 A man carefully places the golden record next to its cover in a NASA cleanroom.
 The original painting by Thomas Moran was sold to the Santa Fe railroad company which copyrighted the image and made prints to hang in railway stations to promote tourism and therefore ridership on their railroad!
...
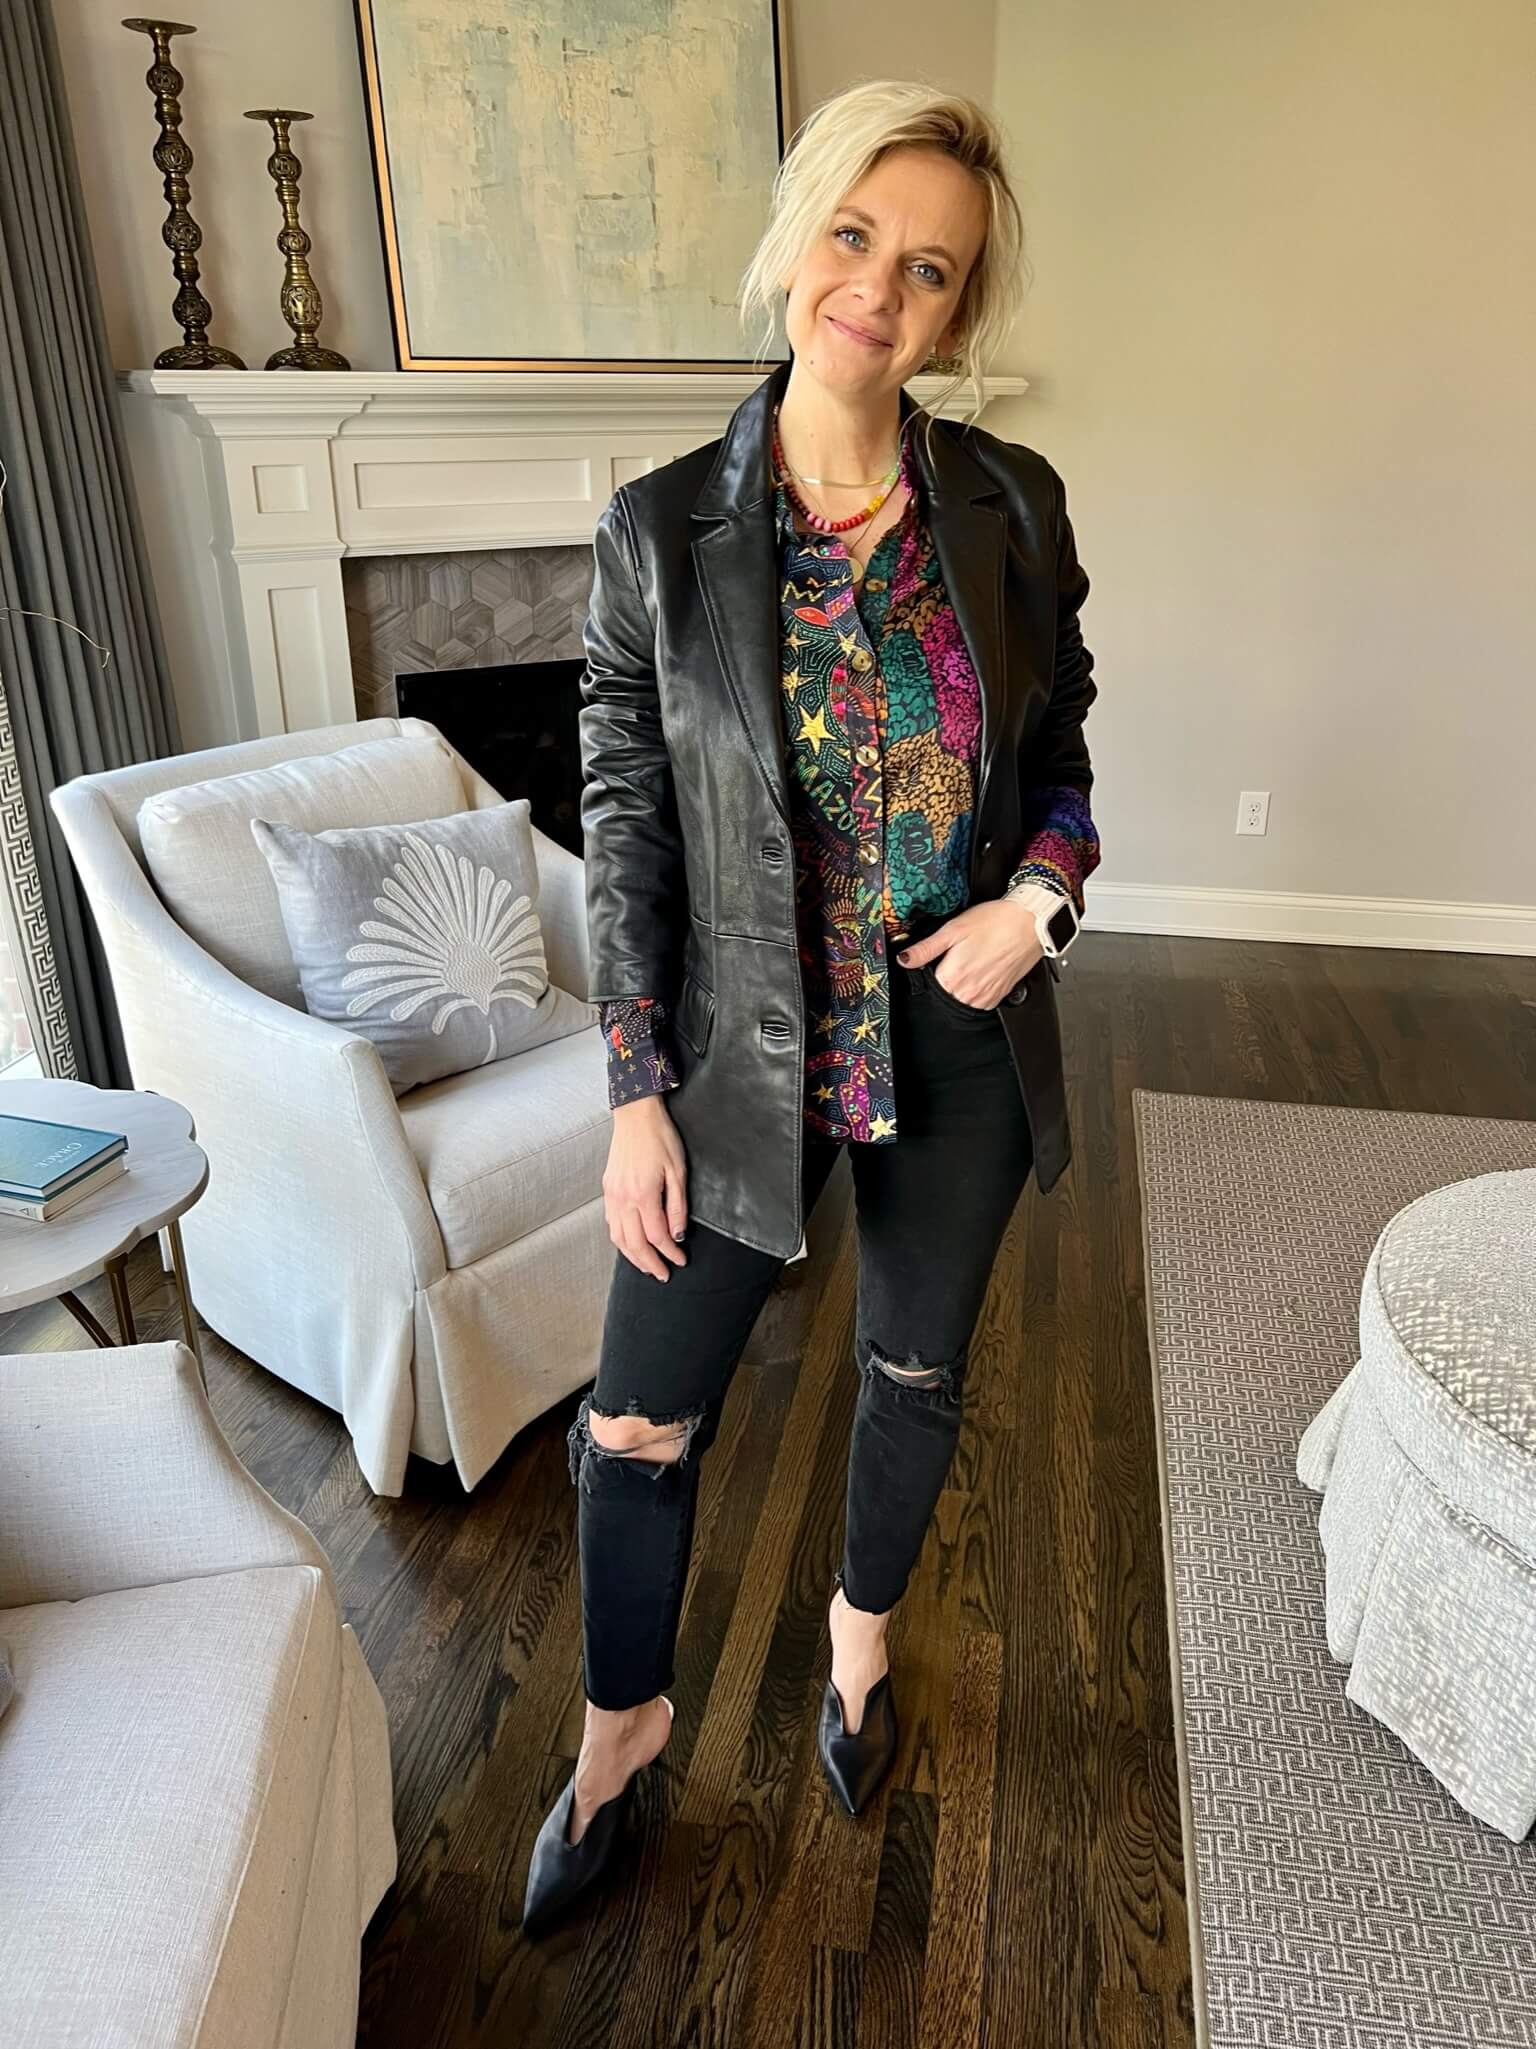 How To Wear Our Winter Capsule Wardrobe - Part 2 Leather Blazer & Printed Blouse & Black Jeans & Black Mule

> Work required
Please give again the lines above between the line holding "A man carefully" and the line holding "The original painting", inclusive, exactly as they are and with nothing added.

> Answer box
 A man carefully places the golden record next to its cover in a NASA cleanroom.
 The original painting by Thomas Moran was sold to the Santa Fe railroad company which copyrighted the image and made prints to hang in railway stations to promote tourism and therefore ridership on their railroad!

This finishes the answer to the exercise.